All data are collected from Wikipedia. Under its' Terms of Use, articles and media under free and open licenses can be "reused."

To answer the question, we will be using data for ecological footprint per country (Table 1) and nominal GDP per country (Table 2) and create, among other types of visualization, a scatterplot containing the 2 data points to identify any correlation between them.


---

In [1]:
# import required modules
import os
import os.path
import json
import io
import pandas as pd
from lxml import etree
import requests
from lxml import html
import util # module taken from class repo (util.py)
import sqlalchemy as sa

htmlparser =  etree.HTMLParser()

## Table 1: List of countries by ecological footprint
**Source**: https://en.wikipedia.org/wiki/List_of_countries_by_ecological_footprint

**Description**: This Wikipedia dataset contains data on the ecological footprint for each country provided by the Global Footprint Network's National Footprint Accounts. Numbers are given in global hectares per capita.

---
We will be using web scraping to extract this dataset and  convert it to a pandas DataFrame.

### **1.1.** Scrape the HTML and parse into XML Element

In [2]:
# Utilize web scraping method provided in class to read the HTML
resource_path = "/api/rest_v1/page/html/List_of_countries_by_ecological_footprint"

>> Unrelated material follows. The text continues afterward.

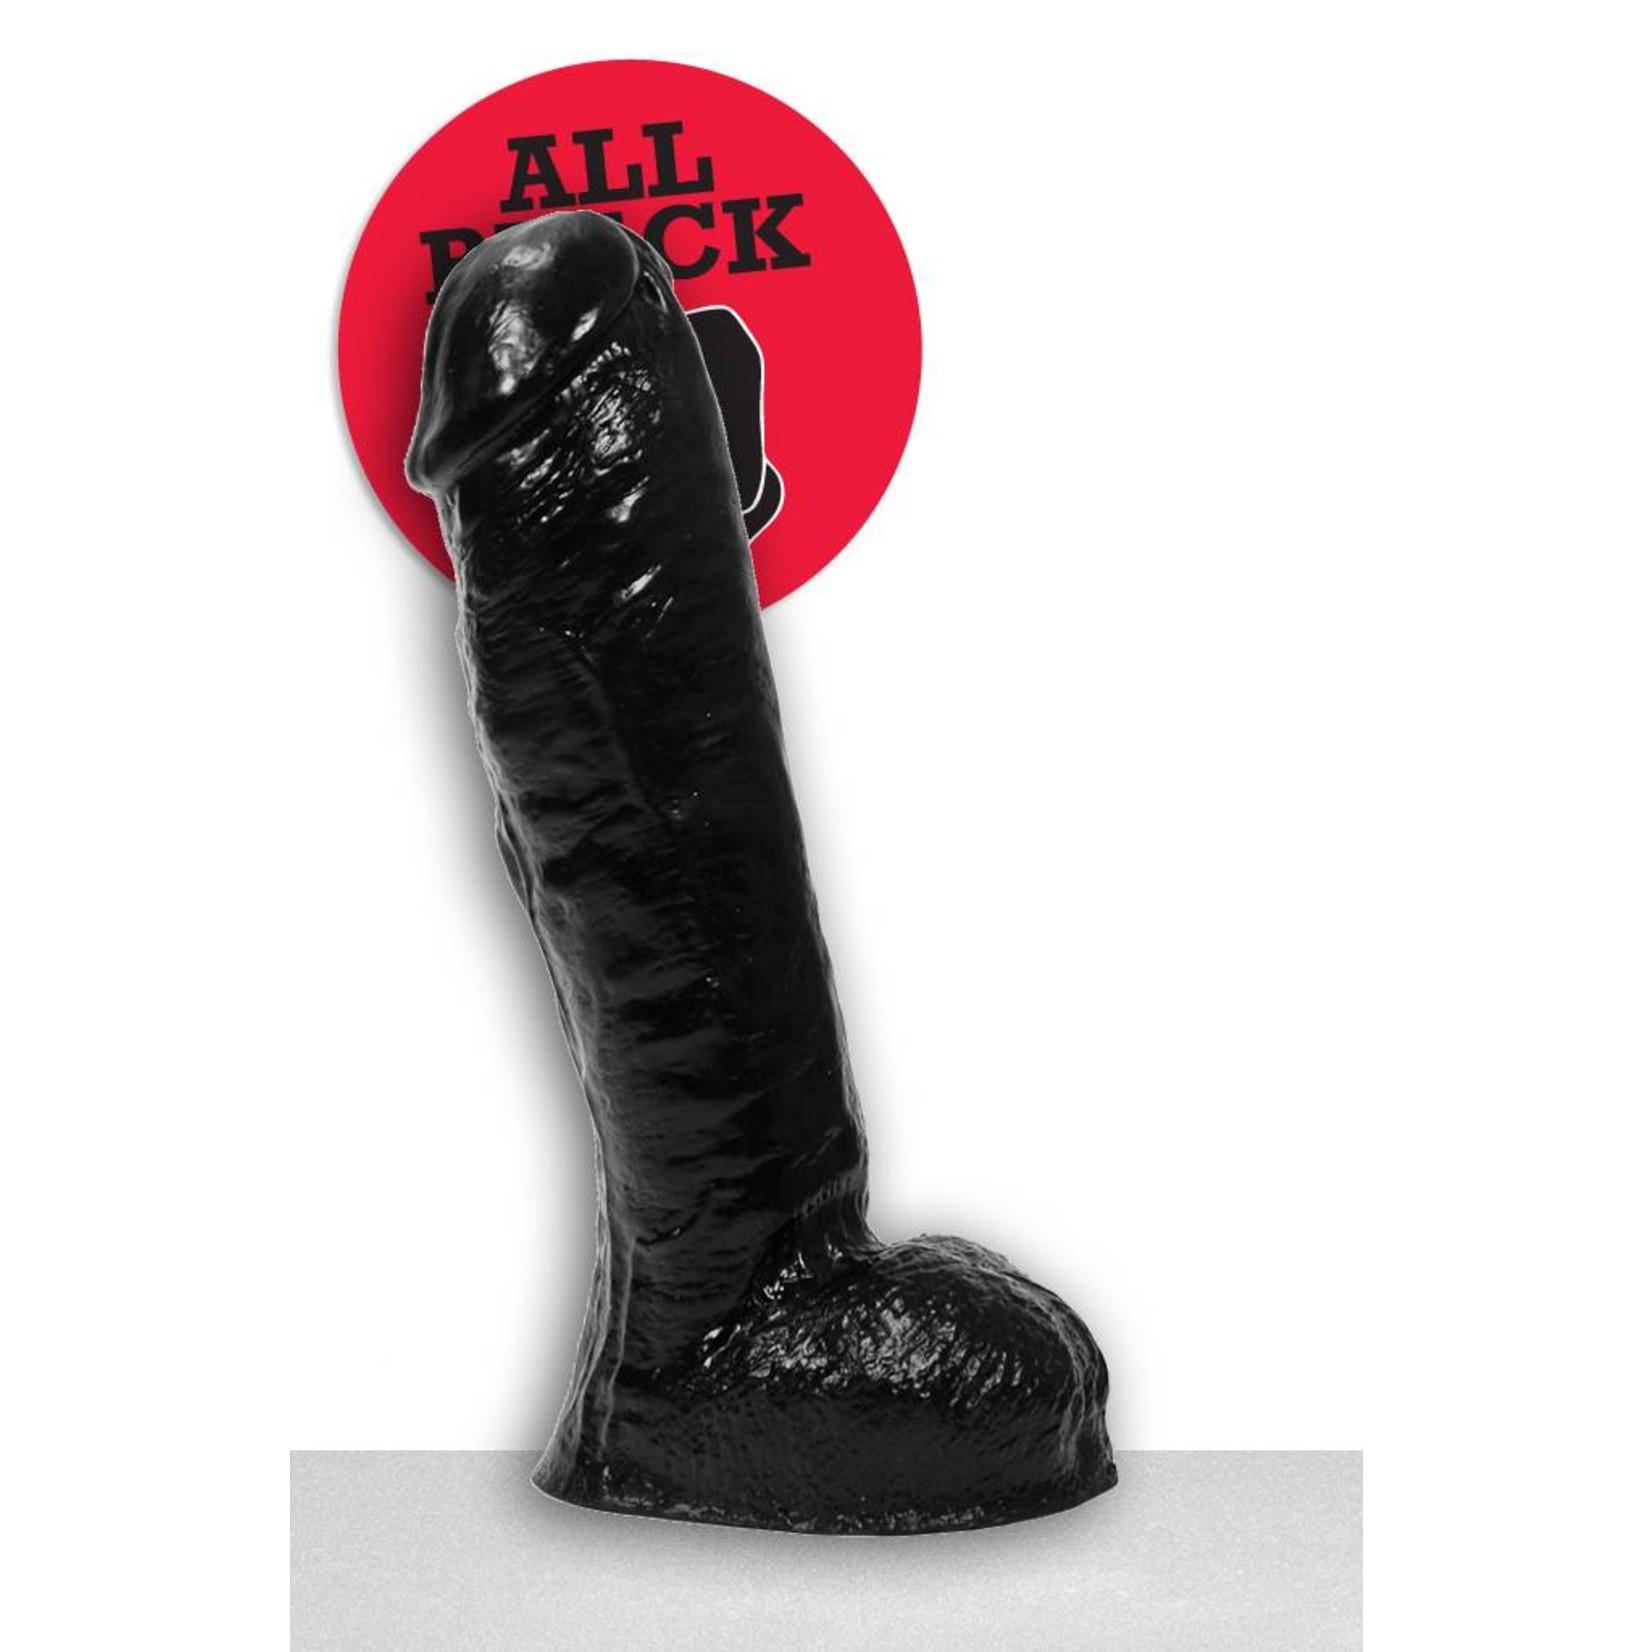 All Black All Black Dildo - AB 34

url = util.buildURL(resource_path, "en.wikipedia.org")
response = requests.get(url)
assert response.status_code == 200

# Parse the response content into an XML etree and get the root
tree1 = etree.parse(io.BytesIO(response.content), htmlparser)
root1 = tree1.getroot()

In [3]:
# Select the table of interest (containing Wikipedia's sortable class)
table1root = root1.xpath("//table[@class='wikitable sortable']")[0]

# Display the first 100 lines of the tree
util.print_xml(table1root, depth=30, nlines=100)

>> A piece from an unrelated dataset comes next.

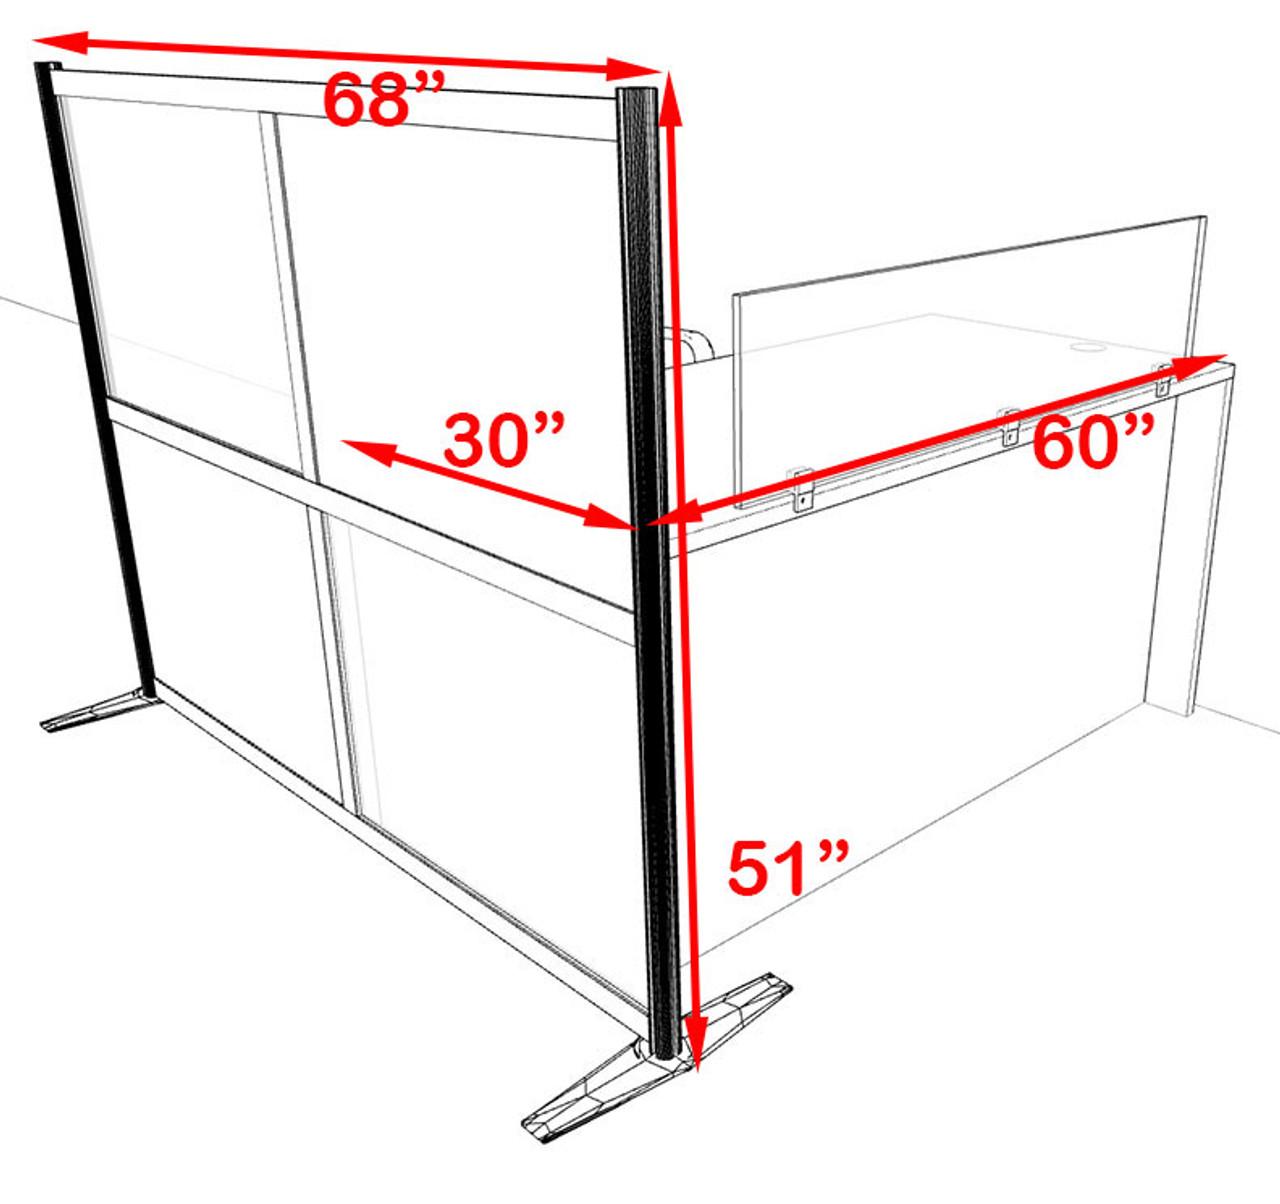 One Person Workstation w/Acrylic Aluminum Privacy Panel, #OT-SUL-HPB38

<table class='wikitable sortable' id='mwUw'>
  <tbody id='mwVA'>
    <tr id='mwVQ'>
      <th rowspan='2' id='mwVg'>Rank</th>
      <th rowspan='2' width='150pt' id='mwVw'>Country/regio
      <th id='mwWA'>Ecological
        <br id='mwWQ'></br>
      </th>
      <th id='mwWg'>Biocapacity</th>
      <th id='mwWw'>Biocapacity
        <br id='mwXA'></br>
        <br id='mwXQ'></br>
      </th>
      <th rowspan='2' id='mwXg'>Population
        <br id='mwXw'></br>
      </th>
      <th rowspan='2' width='100pt' id='mwYA'>Total biocapa
      <th rowspan='2' width='100pt' id='mwYQ'>Population (m
    </tr>
    <tr id='mwYg'>
      <th colspan='3' id='mwYw'>(gha/person)</th>
    </tr>
    <tr id='mwZA'>
      <td id='mwZQ'></td>
      <td id='mwZg'>World</td>
      <td id='mwZw'>2.75</td>
      <td id='mwaA'>1.63</td>
      <td id='mwaQ'>-1.12</td>
      <td id='mwag'>7753</td>
      <td id='mwaw'>-10400</td>
      <td id='mwbA'>2500</td>
    </tr>
    <tr id='mwbQ'>
      <td id='mwbg'>1</td>

In the next 2 sections, we will get the list of `header` and the `data` LoL to create a DataFrame.

### **1.2.** Acquire the column headers

Here, we will iterate through each header. For header that contains tag `<br>` (line break), we will append the text before and after the tag with a space in between.

In [4]:
headerroot_t1 = table1root.find(".//tr") # first row (headers)
headers_t1 = []

# Iterate through each header
for th in headerroot_t1.xpath(".//th"): 
    # Get the text (before <br>)
    text = th.text

    # Iterate over all <br> (line break) tags in the header and
    # append their tail attribute (everything after <br>) to the text
    for br in th.findall("br"):
        text += " " + (br.tail) # essentially replacing <br> with a space

    headers_t1.append(text.strip())
    
headers_t1

['Rank',
 'Country/region',
 'Ecological footprint',
 'Biocapacity',
 'Biocapacity deficit or reserve',
 'Population (millions)',
 'Total biocapacity deficit or reserve (gMha)',
 'Population (millions) for biocapacity to equal ecological footprint*']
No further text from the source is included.